The costs of producing education
17/05/2012 § 1 Comment
As part of the coming ‘zero budget’, the Government has pre-announced changes in education. Reported changes are an increase in total funding, a cap on teacher numbers, an increase in the pupil/teacher ratio, and performance pay.
Also, ‘[a] post-graduate qualification will be introduced as a minimum for all trainee teachers’. This policy interacts with the new student loan policy: higher repayments, but also no student allowance for those studying longer than four years (which is more likely when you are earning a post-graduate qualification).
The plan, therefore, is to make it harder and more expensive to become a teacher, make the job more difficult, and reduce the disposable incomes of new teachers. In return, teachers will have performance pay (currently unspecified). Given the increase in funding, they should also have access to more technology and better facilities.
Let’s think about the market for teachers in New Zealand. First, it isn’t a closed market. Candidates come from around the world, and we can export teachers, too. A market with both importing and exporting suggests that the product is not homogeneous. Teachers are seeking the job conditions (and lifestyle) they prefer, while education systems are seeking the best teachers they can afford.
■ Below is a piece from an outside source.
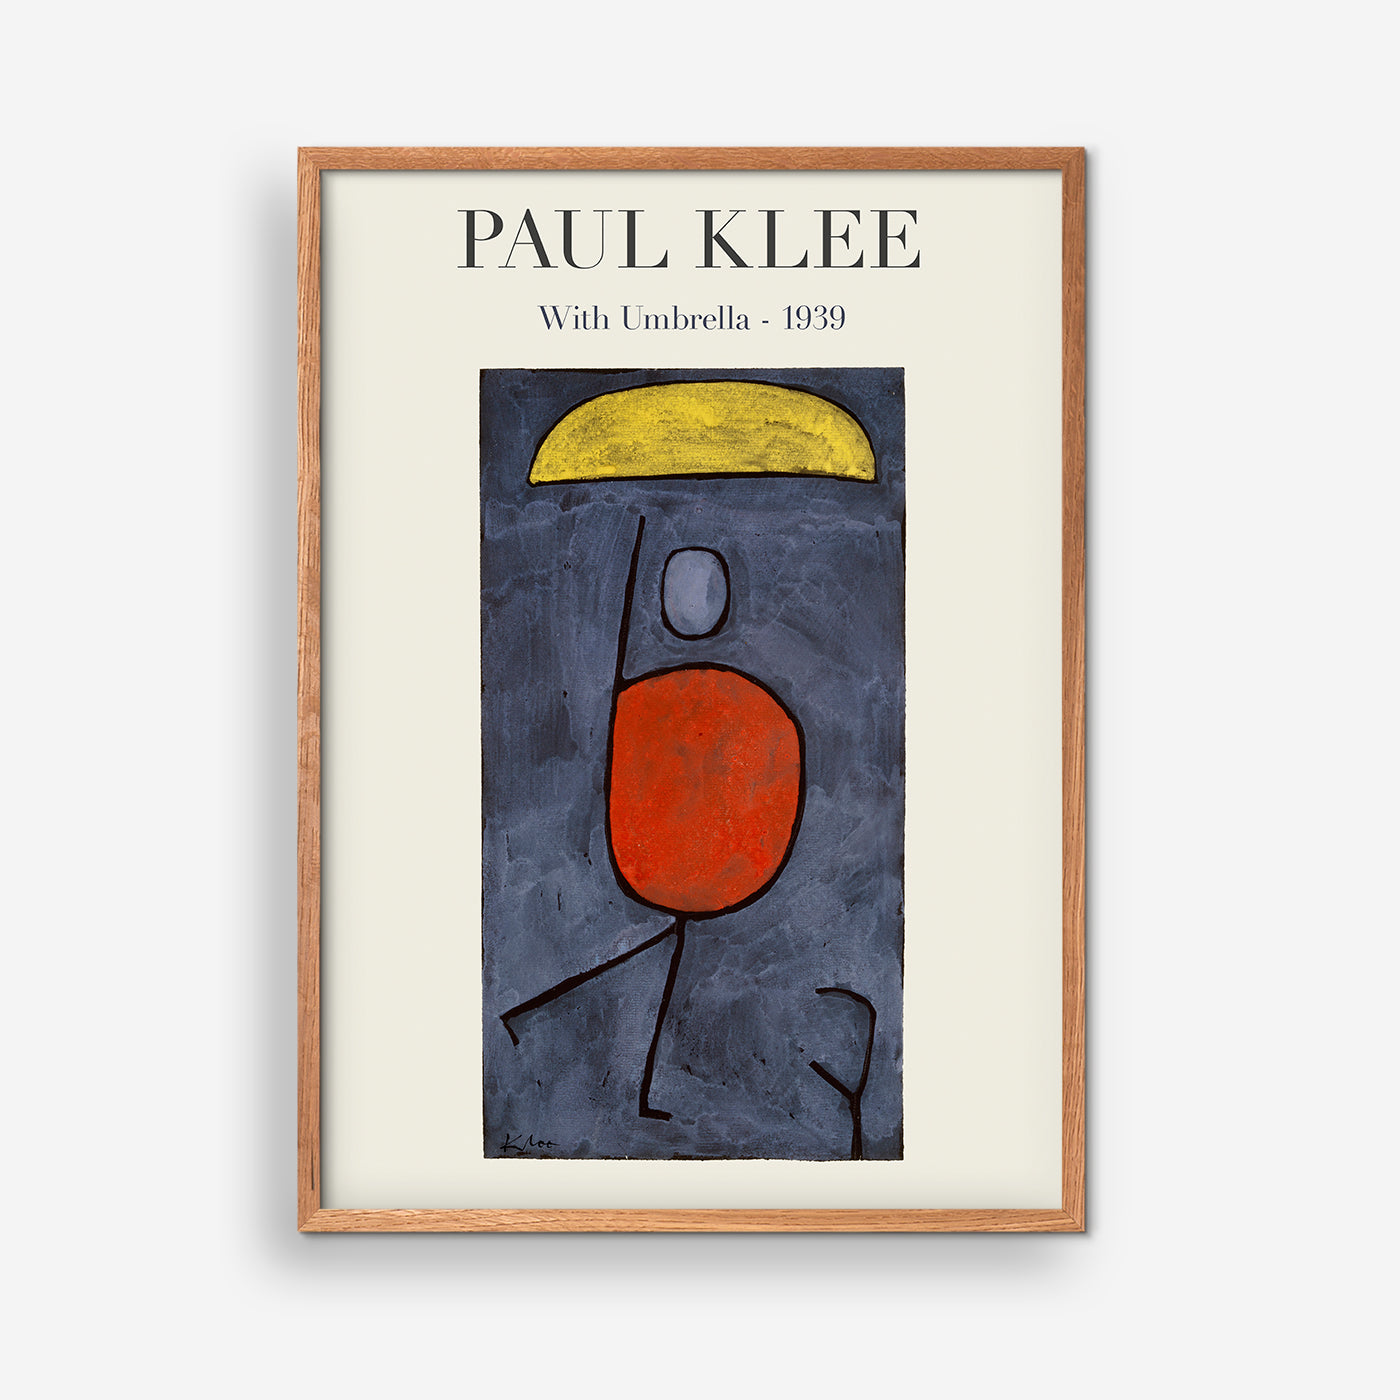 With Umbrella, 1939 - Paul Klee
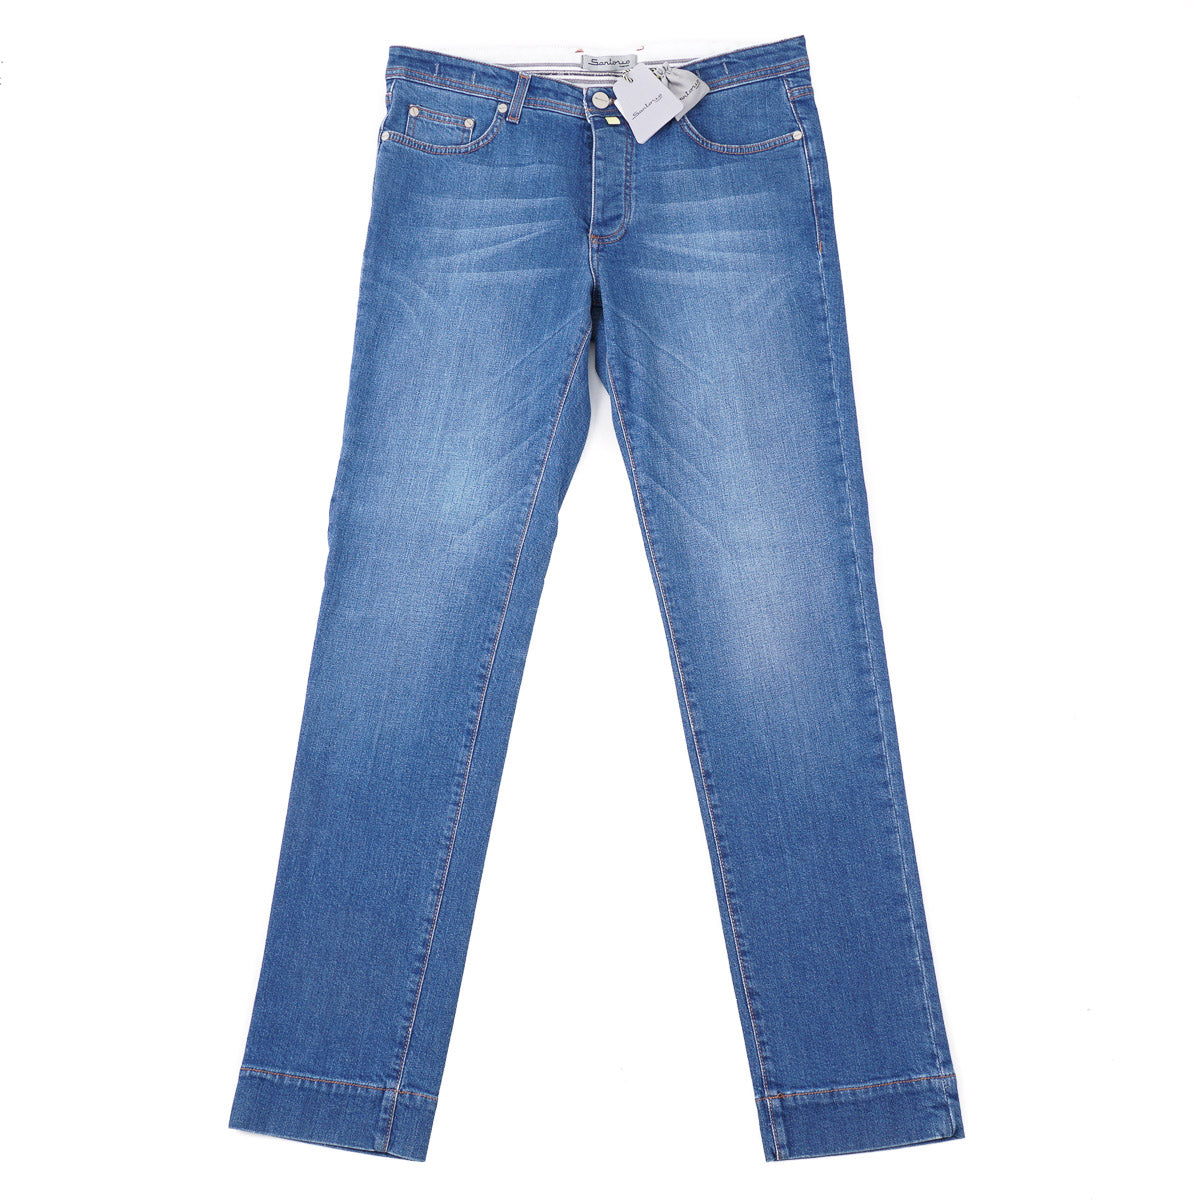 Sartorio Straight-Fit Denim Jeans - Top Shelf Apparel

The new plan affects both the supply and demand for teachers domestically. It will be more expensive to produce teachers, reducing domestic supply and shifting the supply curve inward. The quality demanded is also higher, which can be proxied by an outward shift of the demand curve. (This isn’t exact, because of lack of homogeneity). Possible impacts are higher prices (wages) for teachers, fewer teachers, or more imported teachers. The net impact will depend on the the relative elasticities of demand and supply. Domestic supply is somewhat inelastic (only so many teachers are graduated each year) and demand is also inelastic (determined by class ratios and demographics). If this were a market, prices would be volatile and determined by thin volumes, especially the by amount of imports.
So let’s look at the price (wages) of a teacher by using a production function. The factors of production in this case are land, labour, capital, and human capital. Land is the school building; labour is the ‘amount’ of teachers, the class size ratio; capital is the technology available; and human capital is teacher quality. Assembling these factors into a production function, we then produce ‘pupils’, which is a combination of the number and quality. The plan is to increase the production of ‘pupils’, specifically increasing the quality. We will do this by reducing the land (larger classes), reducing labour (larger classes, again), increasing capital (investment in technology), and increasing human capital (better teachers). The expectation is that increased human capital and technology will more than substitute for less land and labour.
The Beehive says, ‘Evidence shows the single most important thing we can do to raise achievement is to improve teaching quality.’ This suggests that the increase in the factor ‘human capital’ with have the biggest impact on the product ‘pupils’. If factors of production are paid according to their marginal contributions, then the (change in) payments to human capital should be larger than the (change in) payments to any other factor.
Which leads to three conclusions:
- This better be one serious performance-pay plan or the market won’t clear
- There should be an analysis of whether fewer, better teachers is the most cost-effective way to improve pupil performance (what are the partial derivatives?)
- Production planning when you control both sides of a market is a right royal pain (where’s a Soviet economist when you need one?).